Provided data |
-=-=-=-=-
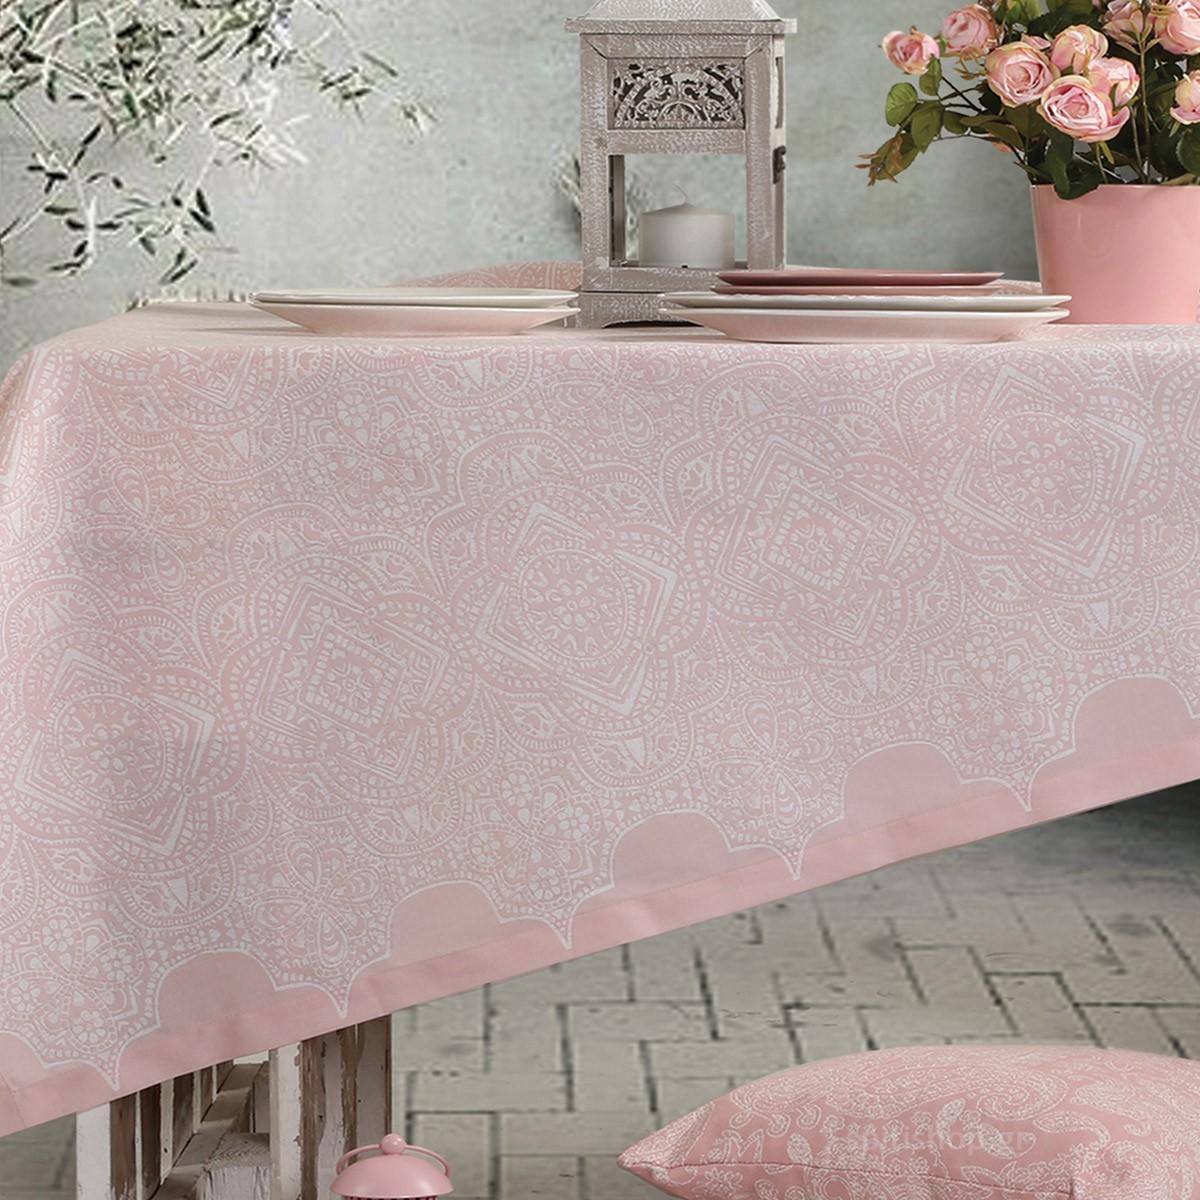 Τραπεζομάντηλο (140×240) Nef-Nef Henna Pink
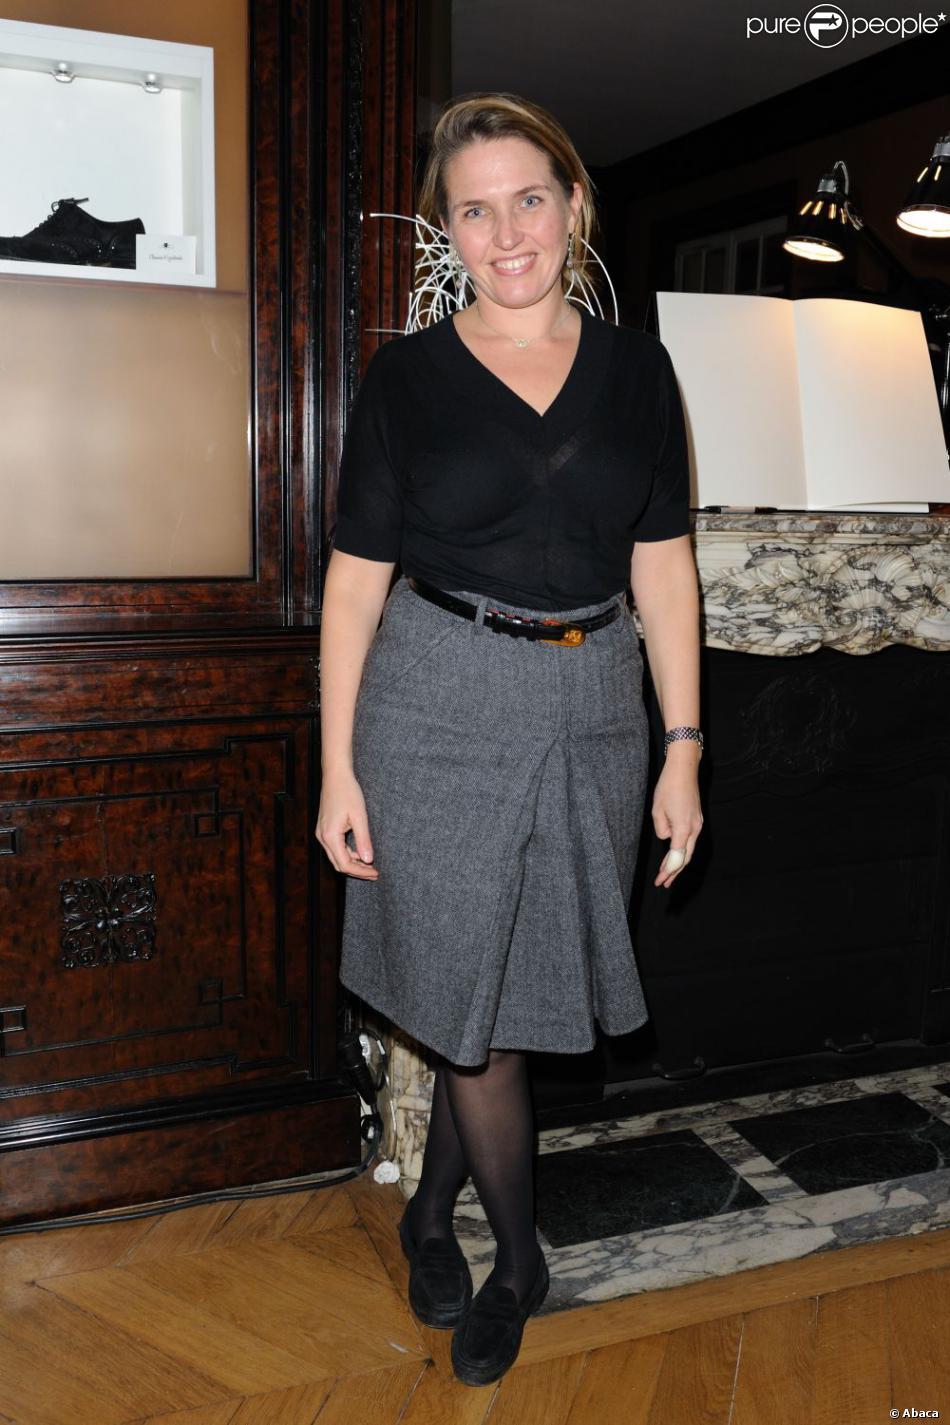 la princesse ad la de d 39 orl ans paris le 17 novembre 2011 purepeople. Black Bedroom Furniture Sets. Home Design Ideas
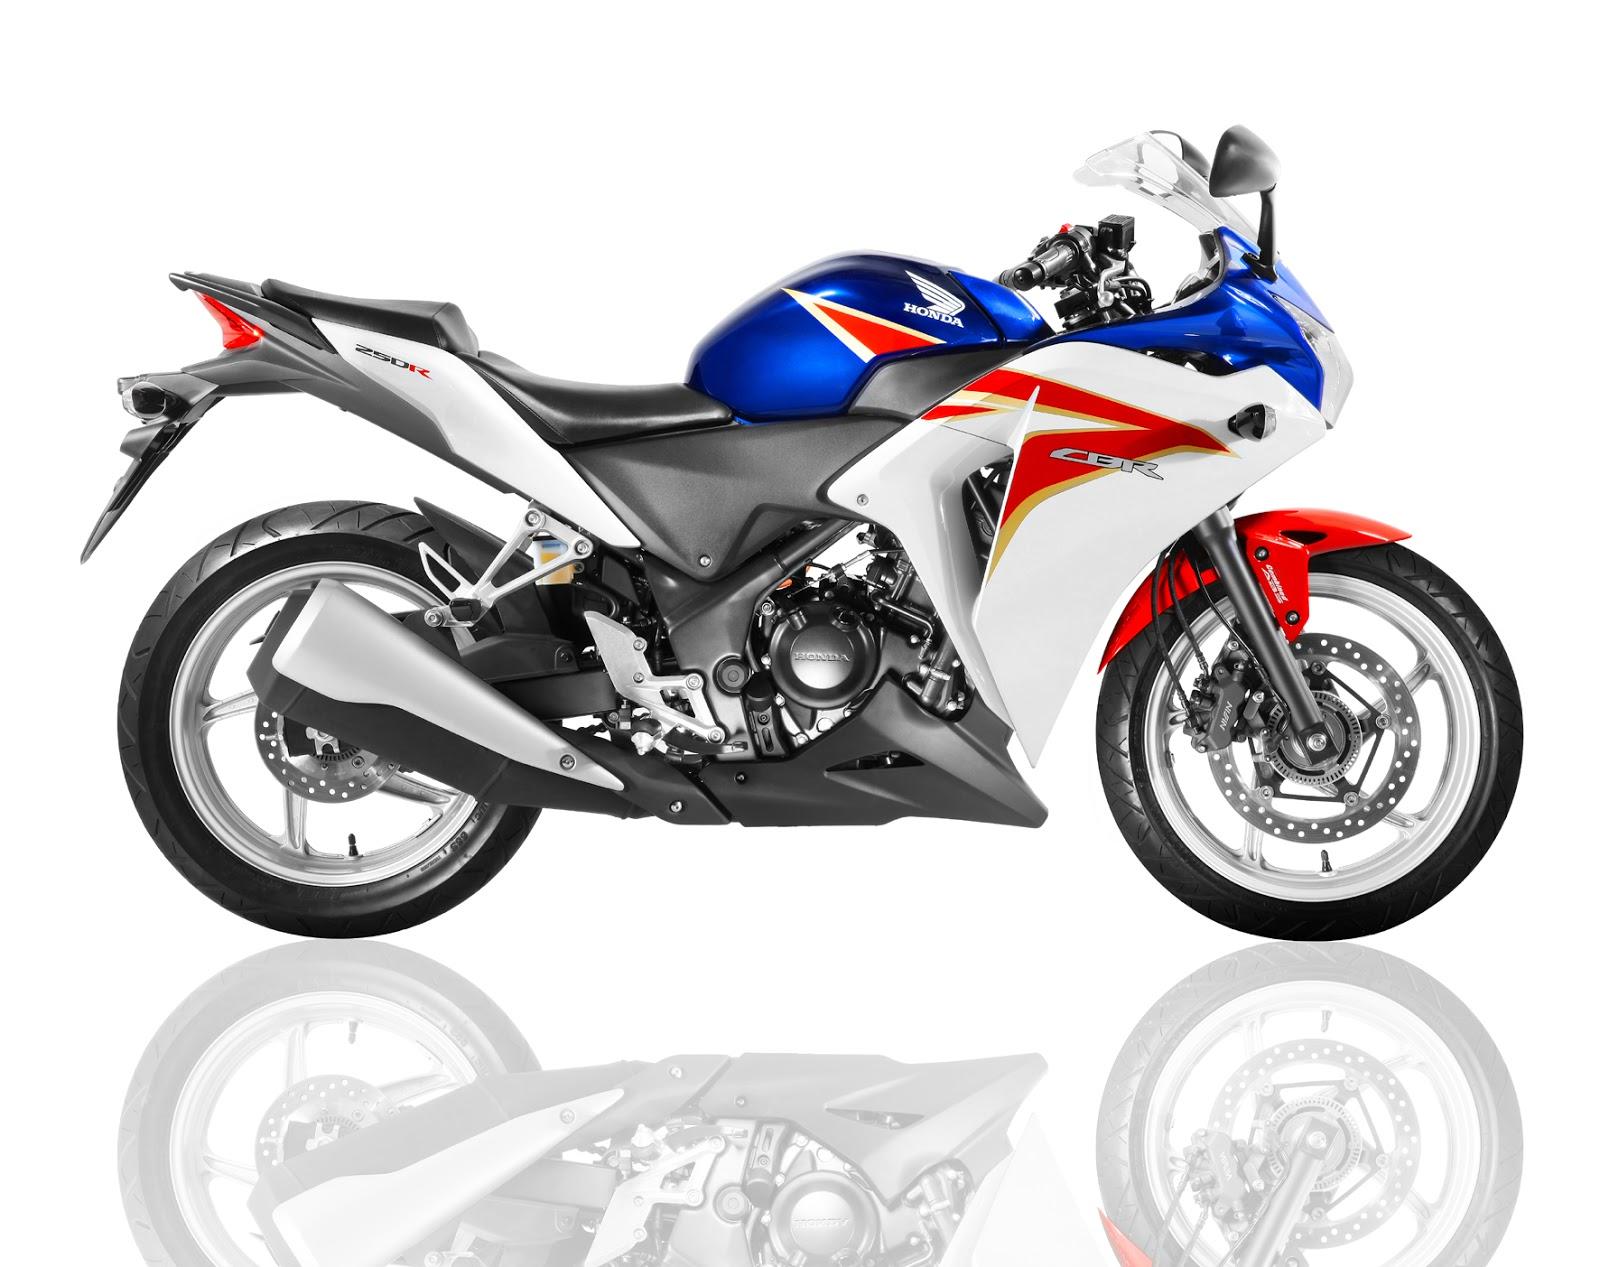 Honda CBR 250R 2012. Foto: Honda
-=-=-=-=-
Assignment | Go through the material above and retype every line exactly, without the images.

Answer to the problem |
 Τραπεζομάντηλο (140×240) Nef-Nef Henna Pink
 la princesse ad la de d 39 orl ans paris le 17 novembre 2011 purepeople. Black Bedroom Furniture Sets. Home Design Ideas
 Honda CBR 250R 2012. Foto: Honda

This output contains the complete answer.